AI-Based Embedded Framework for Cyber-Attack Detection Through Signal Processing and Anomaly Analysis

This paper proposes an applied framework for cyberattack and anomaly detection in resource-constrained embedded/IoT environments by combining signal-processing feature construction with supervised and unsupervised AI (Artificial Intelligence) models. The workflow covers dataset preparation and normalization, correlation-driven feature analysis, and compact representations via PCA (Principal Component Analysis), followed by classification and anomaly scoring. In addition to the original UNSW-NB15 (University of New South Wales—Network-Based Dataset 2015) traffic features, Fourier-domain descriptors, wavelet-domain descriptors, and Kalman-based smoothing/innovation features are considered to improve robustness under variability and measurement noise. Detection performance is assessed using classical and ensemble learning methods (SVM (Support Vector Machines), RF (Random Forest), XGBoost (Extreme Gradient Boosting), LightGBM (Light Gradient Boosting Machine)), unsupervised baselines (K-Means and DBSCAN (Density-Based Spatial Clustering of Applications with Noise)), and DL (Deep-Learning) anomaly detectors based on Autoencoder reconstruction and GAN (Generative Adversarial Network)-based scoring.

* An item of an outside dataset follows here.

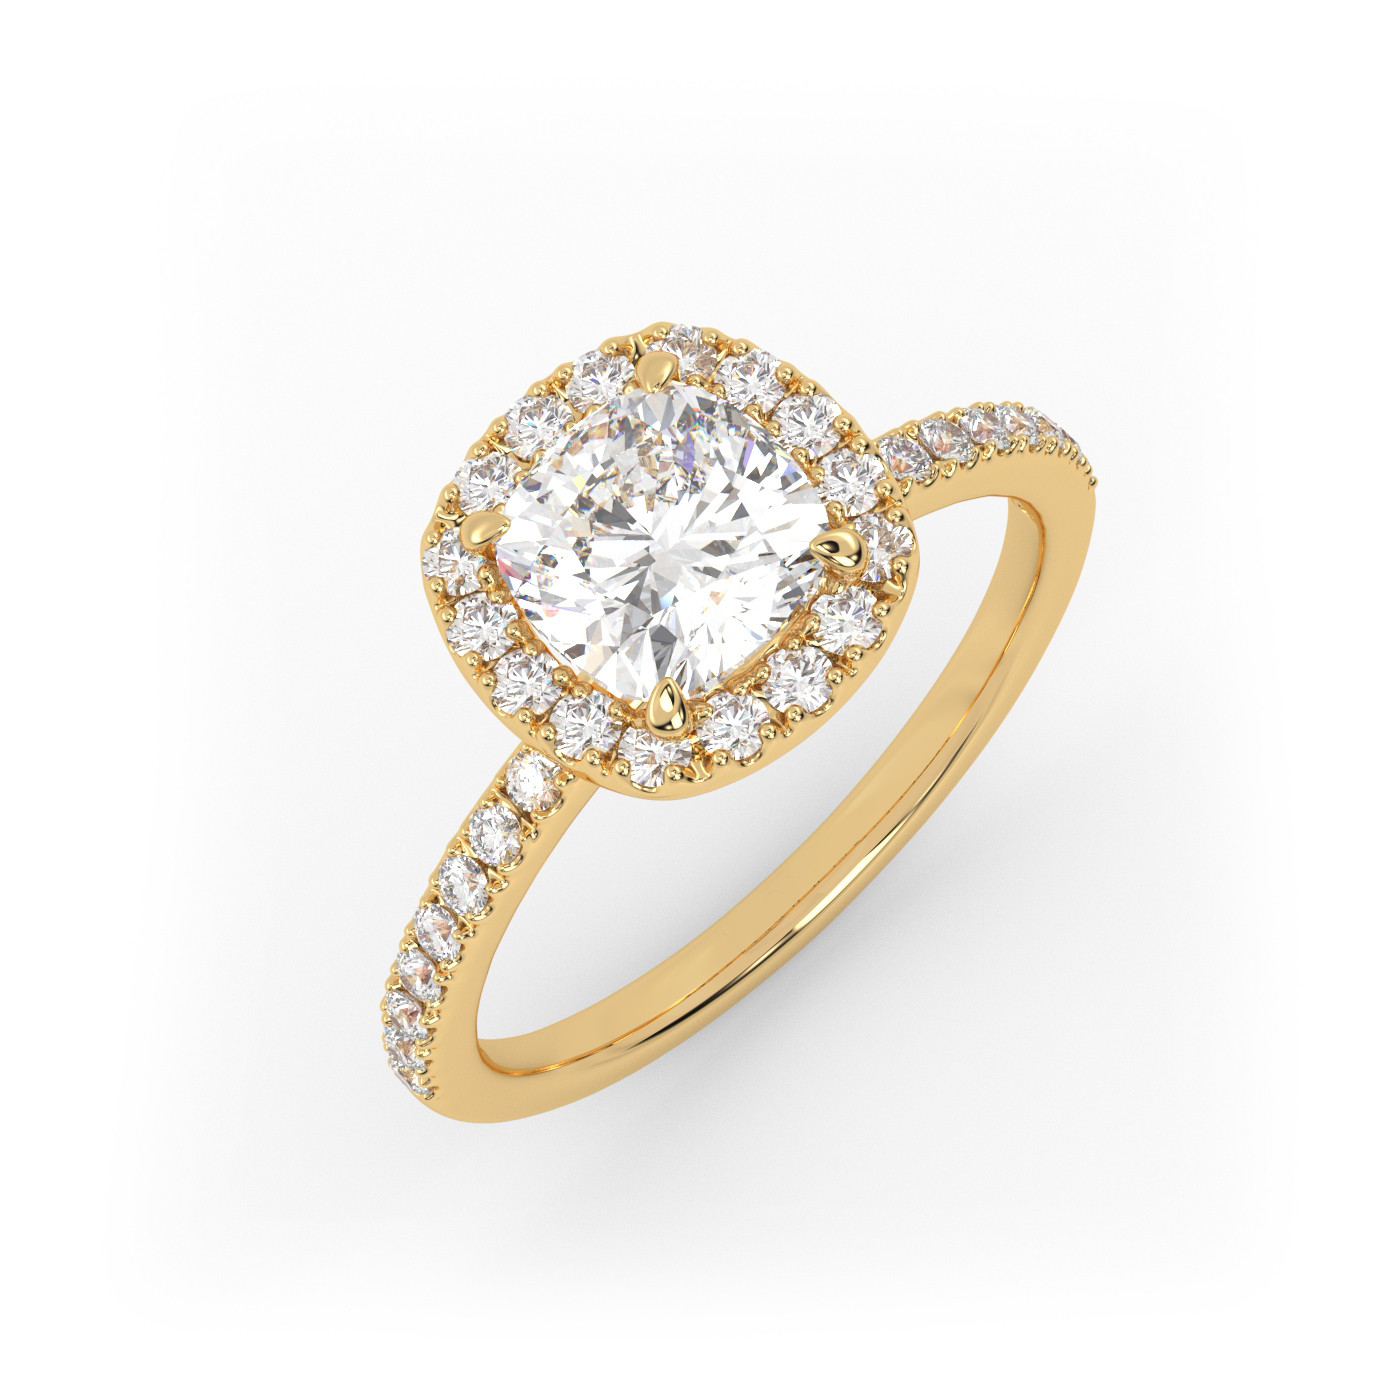 18K YELLOW GOLD Cushion Diamond Engagement Ring With Pave and Halo Style

Experimental results on UNSW-NB15 indicate that ensemble-based models provide the strongest overall detection performance, while the signal-processing augmentation and PCA-based compactness support efficient deployment in embedded contexts. The findings confirm that integrating lightweight signal processing with AI-driven models enables effective and adaptable identification of malicious network traffic supporting deployment-oriented embedded cybersecurity and motivating future real-time validation on edge hardware.